In a mere four and a half months, Ms. Berner has shifted Fairchild's gears to ready it for steady growth. She reorganized Fairchild into three divisions: the trade division, whose flagship is Women's Wear Daily; the consumer magazine division, housing Jane, W and now Details, the former Conde Nast men's magazine being remade as a men's fashion title at Fairchild; and the Internet division, which plans to encompass an e-commerce operation.


"Soon after I got here, I said, 'Let's not worry about making money for next year. Let's get the right plans in place and then make a lot of money in the third year,'" Ms. Berner said.

Future plans to drive growth, besides the Internet and e-commerce properties, include expanding WWD internationally to markets such as Italy, as well as bringing out a West Coast edition.

"We think this should be a worldwide brand," Ms. Berner said.

She plans to launch or acquire titles for both the consumer and trade divisions, as long as they fit in with the areas in which Fairchild excels: fashion and retail. To complement any e-commerce activity, she's encouraging the trade titles to think of ways the magazines can bring buyers and sellers together, either at trade shows or executive conferences.

Ms. Berner's plans also, first and foremost, involved assembling her team. Every top post that Ms. Berner has held--as VP-publisher of Glamour and senior VP-publisher of TV Guide--has been intricately linked to a core team of executives who help her make decisions.

"Ultimately, every decision is mine and the responsibility is mine. But if I'm making the right decision, it's come out of the collaboration; and it's very clear to everyone that this is the direction we should go in," Ms. Berner explained.


Her core team at Fairchild currently numbers 10, with two more expected to be named in upcoming weeks--a director of human resources and a head for the newly formed Internet division. The group is a near-even mix of Fairchild veterans and new faces

Mr. McCarthy is truly Ms. Berner's counterpart at the company.

"We absolutely complement each other's skill set," Ms. Berner said. "I don't want to have anything to do with editorial and he doesn't want to have anything to do with the business side."

An example of her collaborative decision-making process involved Details. When the idea to transfer the monthly to Fairchild was first floated by James Truman, editorial director at Conde Nast, Ms. Berner told Mr. McCarthy to go off and put together some editorial ideas about whether they should take on the title. She would look at the business side perspective, and only then would they compare thoughts and see if they were of one mind. "We were completely in sync. Independently, we had come up with an almost identical plan for how Details would fit into Fairchild and why we should do it," Ms. Berner said.

Other longtime Fairchild executives who now counsel Ms.

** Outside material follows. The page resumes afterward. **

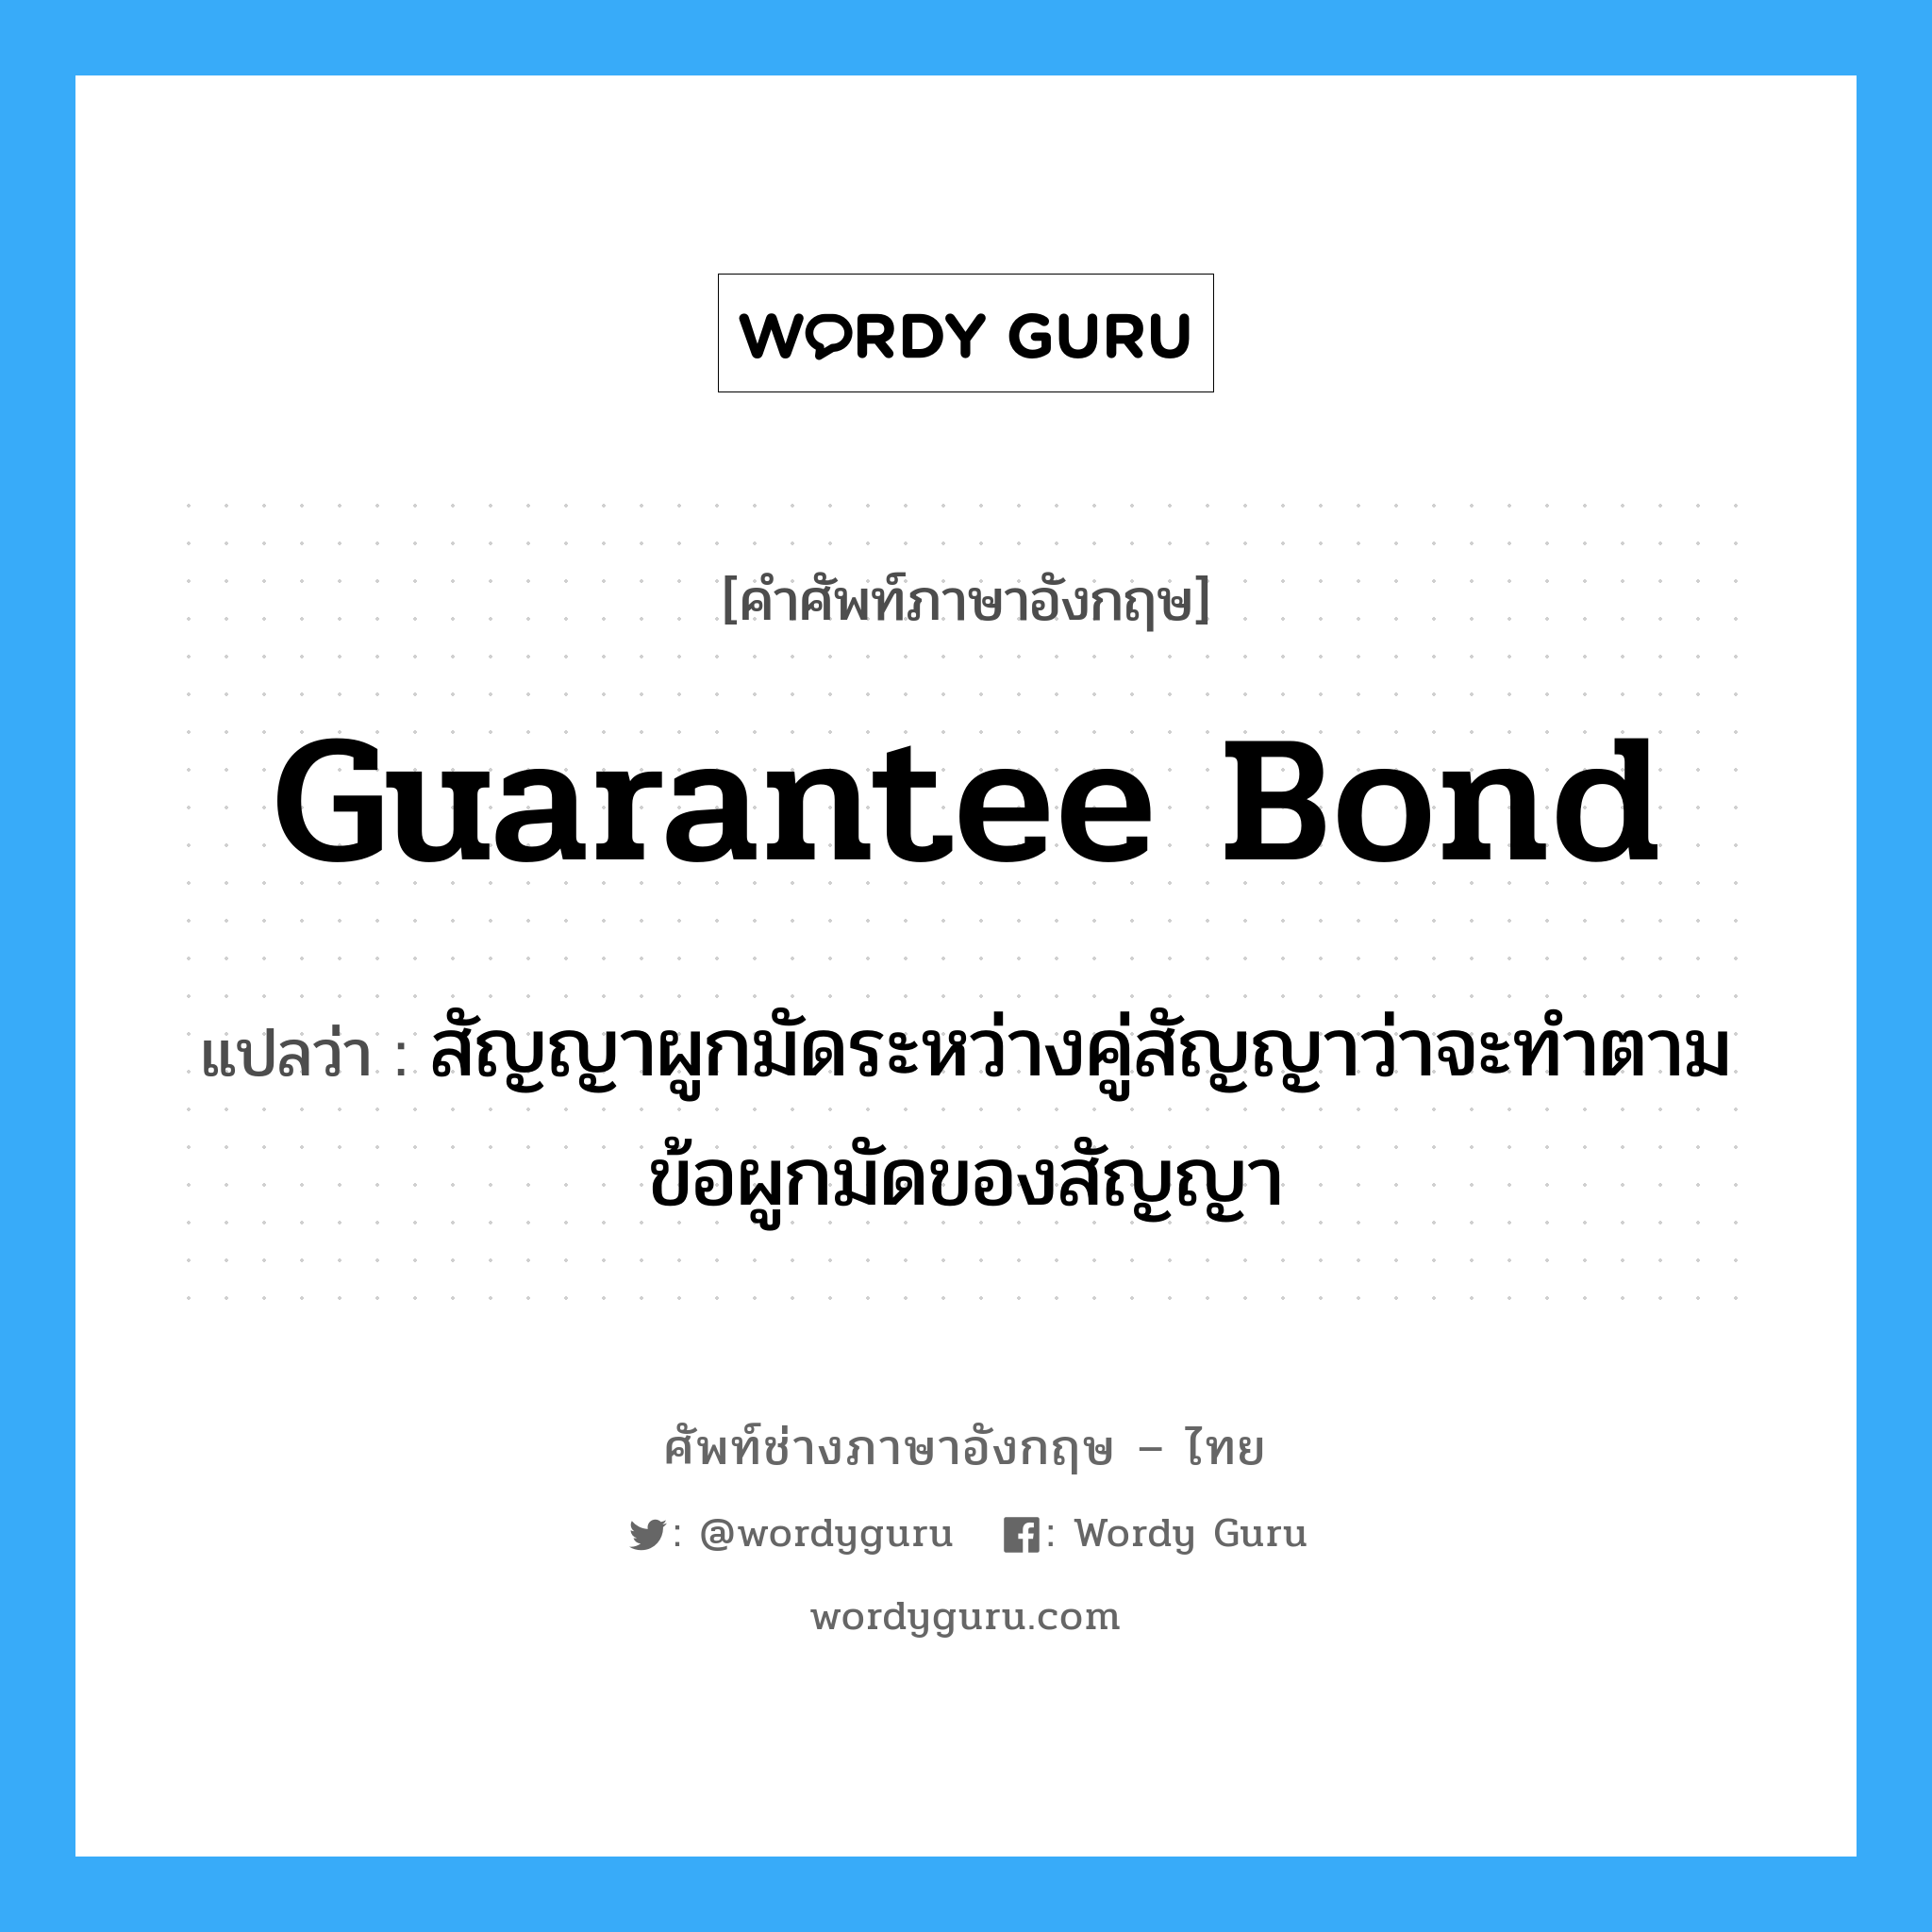 Guarantee Bond แปลว่า?, คำศัพท์ช่างภาษาอังกฤษ - ไทย Guarantee Bond คำศัพท์ภาษาอังกฤษ Guarantee Bond แปลว่า สัญญาผูกมัดระหว่างคู่สัญญาว่าจะทำตามข้อผูกมัดของสัญญา

Berner include Stephanie George, named to the new position of president, WWD Worldwide Group; Lisa Phillips, senior VP-operations, WWD/Consumer manager; Paul White, VP-senior business manager; and John Condon, chief financial officer.


New Fairchild faces include Eva Dillon, formerly of Glamour, now publisher of Jane; Beth Tighe, also from Glamour, now executive marketing director; Lee Jones, former publisher of Entrepreneur, now exec VP-trade division; Susan Blank, former publisher of Mirabella, now publisher of W; and David Orlin, senior VP-operations, formerly of Conde Nast.

Ms. Berner also has alerted the media mergers and acquisitions world that she would be willing to shop for some new properties that fit in with Fairchild's retail and fashion sensibilities. Properties that don't fit, such as a gift market trade show, will be sold off.

The company will even begin running a trade campaign in its own titles with a tagline that reflects Ms. Berner's enthusiasm for her new job: "Fairchild first."